Example 11.4. Zero Product Property.

Suppose \(f(x)=3(x+5)(x-2)\text{,}\) and we want to find its roots. As we always do with roots and \(x\)-intercept, we begin by setting \(y=0\text{,}\) so we need to solve the following equation:

\begin{equation*} 0=3(x+5)(x-2) \end{equation*}

Take a close look at the equation: we have a bunch of things multiplied together and it all equals 0. The fact that it equals 0 is special. There is no way to mulitply things together to get 0, unless one of the numbers you multiplied was already 0. This doesn't work for other numbers. For example, 12 can be written as 1 times 12, but it is also 3 times 4 or 2 times 6. But 0 has to have a zero to begin with.

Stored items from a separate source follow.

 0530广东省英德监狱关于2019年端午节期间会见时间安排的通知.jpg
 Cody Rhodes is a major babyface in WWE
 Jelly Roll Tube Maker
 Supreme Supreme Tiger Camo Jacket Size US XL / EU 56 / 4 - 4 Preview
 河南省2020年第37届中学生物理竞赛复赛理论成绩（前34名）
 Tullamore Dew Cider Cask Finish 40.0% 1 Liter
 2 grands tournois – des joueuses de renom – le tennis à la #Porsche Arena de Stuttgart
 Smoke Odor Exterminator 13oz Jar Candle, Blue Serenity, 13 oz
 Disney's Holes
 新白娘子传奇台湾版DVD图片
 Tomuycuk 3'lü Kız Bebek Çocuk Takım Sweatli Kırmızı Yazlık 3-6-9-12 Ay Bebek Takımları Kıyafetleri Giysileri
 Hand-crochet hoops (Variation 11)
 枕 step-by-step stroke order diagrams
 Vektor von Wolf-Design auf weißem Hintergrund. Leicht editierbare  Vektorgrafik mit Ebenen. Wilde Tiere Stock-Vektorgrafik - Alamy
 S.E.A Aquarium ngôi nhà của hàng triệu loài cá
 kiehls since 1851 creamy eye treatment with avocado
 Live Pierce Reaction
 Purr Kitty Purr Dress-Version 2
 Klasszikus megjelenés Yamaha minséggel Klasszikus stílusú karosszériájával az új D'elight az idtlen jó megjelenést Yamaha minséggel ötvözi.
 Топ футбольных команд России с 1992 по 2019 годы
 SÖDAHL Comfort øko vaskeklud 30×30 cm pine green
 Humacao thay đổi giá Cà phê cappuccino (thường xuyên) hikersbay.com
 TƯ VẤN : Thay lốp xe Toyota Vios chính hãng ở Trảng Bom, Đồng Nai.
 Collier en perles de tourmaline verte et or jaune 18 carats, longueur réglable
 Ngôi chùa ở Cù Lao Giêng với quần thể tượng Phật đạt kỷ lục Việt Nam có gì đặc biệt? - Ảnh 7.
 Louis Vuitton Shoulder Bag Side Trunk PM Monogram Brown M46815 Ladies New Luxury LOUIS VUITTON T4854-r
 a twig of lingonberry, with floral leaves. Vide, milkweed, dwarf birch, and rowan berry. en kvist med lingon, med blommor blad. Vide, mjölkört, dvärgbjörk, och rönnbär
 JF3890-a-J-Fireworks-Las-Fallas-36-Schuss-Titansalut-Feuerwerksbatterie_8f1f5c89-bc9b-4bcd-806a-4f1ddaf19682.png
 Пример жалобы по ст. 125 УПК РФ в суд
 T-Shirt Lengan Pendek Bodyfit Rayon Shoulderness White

Why does that matter? Because we know one of the things we multiplied had to be 0 to begin with, this lets us separate our first equation into three separate equations:

\begin{align*} 0\amp=3\\ 0\amp=x+5\\ 0\amp=x-2 \end{align*}

The first equation doesn't have any \(x\) in it, and is nonsense since 3 does not equal 0. So that one doesn't help us, we'll ignore it. The second one we can subtract 5 from both sides to get \(x=-5\text{.}\) The third one we can add 2 to both sides to get \(x=2\text{.}\) Therefore, our answer is that this function has two roots: \(x=-5,2\text{.}\)

Checkpoint 11.5.

Suppose \(f(x)=-\frac{1}{2}(x+7)(x-2)\text{.}\) What are the roots of \(f(x)\text{?}\)

Answer.

\(x=-7,2\)

Solution.

As we always do with roots and \(x\)-intercept, we begin by setting \(y=0\text{,}\) so we need to solve the following equation:

\begin{equation*} 0=-\frac{1}{2}(x+7)(x-2) \end{equation*}

Just as we had with the example, we have a bunch of things multiplied together to be 0. That means one of them had to be zero to begin with. Because we know one of the things we multiplied had to be 0 to begin with, this lets us separate our first equation into three separate equations:

\begin{align*} 0\amp=-\frac{1}{2}\\ 0\amp=x+7\\ 0\amp=x-2 \end{align*}

The first equation doesn't have any \(x\) in it, and is nonsense since \(-\frac{1}{2}\) does not equal 0. So that one doesn't help us, we'll ignore it. The second one we can subtract 7 from both sides to get \(x=-7\text{.}\) The third one we can add 2 to both sides to get \(x=2\text{.}\) Therefore, our answer is that this function has two roots: \(x=-7,2\text{.}\)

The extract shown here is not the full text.